When Watt-Cloutier was approached by Earth Justice and the Center for International Environmental Law and asked if she would be interested in launching an international human rights case linking climate change to her people's “right to be cold”, she was ready to enter a new phase in her career. Not only was she seeing the devastating tangible effects of global warming in the Arctic – the permafrost was melting, causing roads and buildings to buckle; reduced sea ice changed the migratory habits of the animals that Inuit harvest; elders could no longer read the clouds and warn of incoming storms – but Watt-Cloutier makes the case that hunting and living on the land are fundamental to who the Inuit are as a people: climate change was as much about cultural devastation as environmental. Ultimately, Watt-Cloutier was co-nominated for the 2007 Nobel Peace Prize (along with Al Gore) for her work on climate change, and while she was severed from Gore before his win, she was delighted by the media attention that the nomination garnered for the cause.

Science is a body of knowledge and a way of knowing based on rigorous observation. By this definition, the hunters who criss-cross the ice and snow and embody centuries of observation are scientists. When they describe what is happening to their landscape, the world needs to listen.
By far, the most resistance Watt-Cloutier has experienced has been from “white men from warm countries”; and not only from those who run the endless backroom negotiations at international conferences, but also well-meaning and misguided activists. Greenpeace supports the Inuit's right to a clean environment, but protest their (sustainable and culturally imperative) seal hunt. The Sea Shepherds attempted to block Watt-Cloutier from receiving an environmental award because of her people's (sustainable and culturally imperative) whaling activities. Not only could Al Gore's people not squeeze in even a phone call between Watt-Cloutier and her co-nominee for the Nobel Peace Prize, but Paul McCartney never responded to her invitation to have him come north and witness in person the seal harvest that he maligns. Activists have recently prompted the US government to put the polar bear on the endangered species list, and not only did that collapse the Inuit guide/hunting industry, but according to the Inuit themselves, polar bear numbers are steady and not in decline.

The most interesting issue facing the Inuit today is that of resource extraction: As the ice melts and the northern waters become navigable, there's a potential resource boom in store for the region's indigenous people. Watt-Cloutier is very aware of the potential hypocrisy of her long having represented her people as victims of the fossil fuel industry just as they (who have otherwise lost the ability to sustain themselves through traditional means) are about to benefit greatly from this same industry. While Watt-Cloutier doesn't disparage those who might seek this kind of prosperity, she believes that the only viable way forward is to continue to battle for the right to be cold; to attempt to return the Arctic to the conditions that would allow her own grandson to learn the wisdom, patience, and courage that a traditional hunting trip imparts from elders to youth. I have no idea if those days are gone forever.

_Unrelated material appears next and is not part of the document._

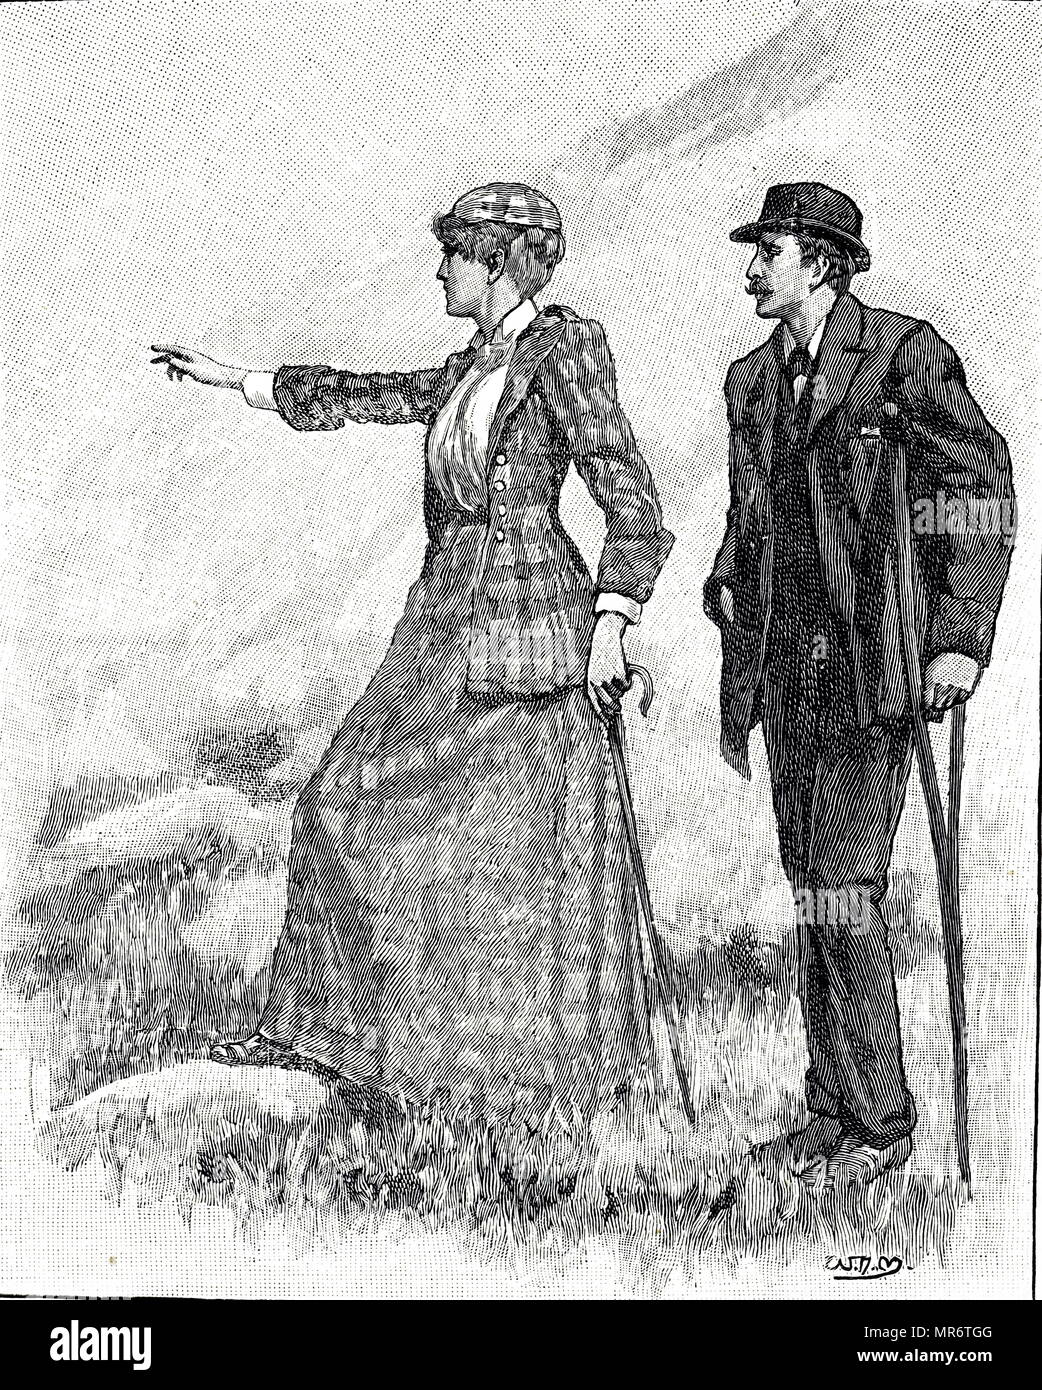 Gravur mit ein Paar durch die Landschaft spazieren zu gehen. Der Mann ist mit einer Krücke, um ihm zu helfen. Vom 19. Jahrhundert Stockfoto
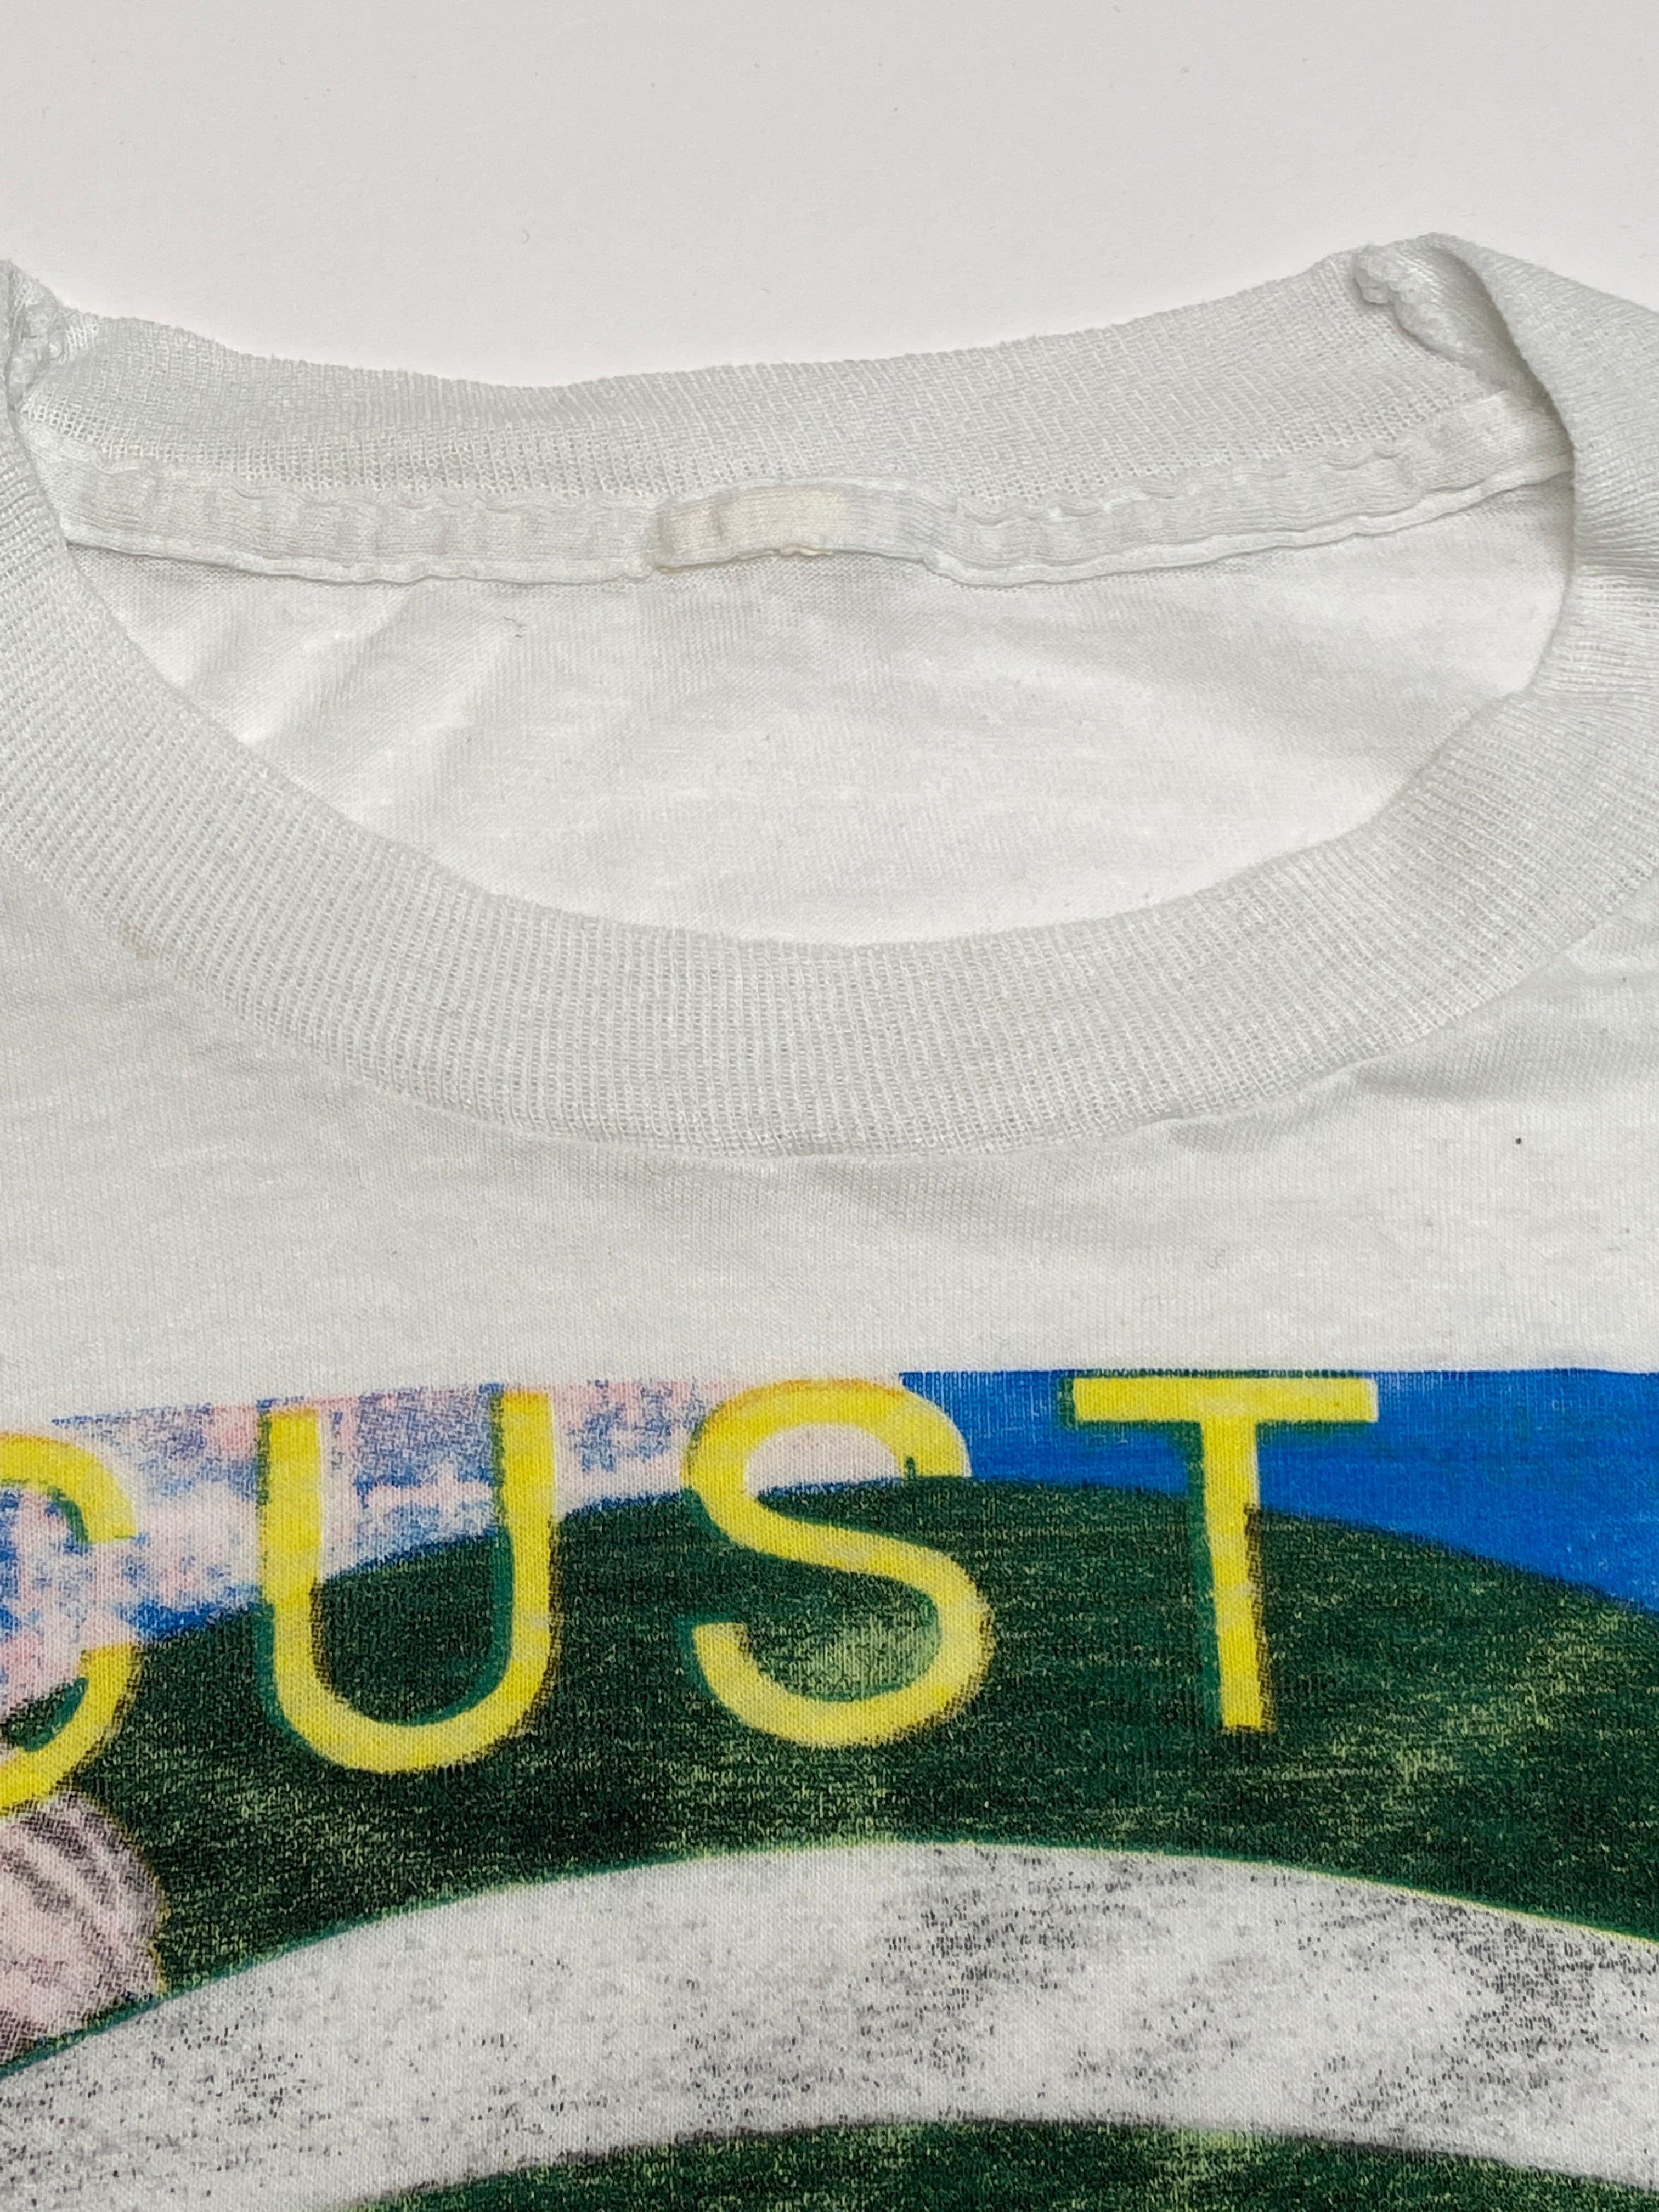 Butthole Surfers - Locust Abortion Technician Tour Shirt Size Large

It's easy for us “southeners” to say, “Well, the Inuit will need to move down to the cities”, or “Those Uros will need to move off of Lake Titicaca”: after all, humankind has always been mobile and adaptable in the face of changing climate; we survived the ice ages, right? But Watt-Cloutier really impresses on the point that there is value and spirituality inherent in a traditional way of life; that the foods her people harvest nourish more than the body; that they should have the right to express their traditional ways. As she so impressed me with the human face of this issue, I can't fault that conclusion.

If the theme of this year's Canada Reads contest was “The book Canada needs right now”, I have no idea how The Right To Be Cold didn't win.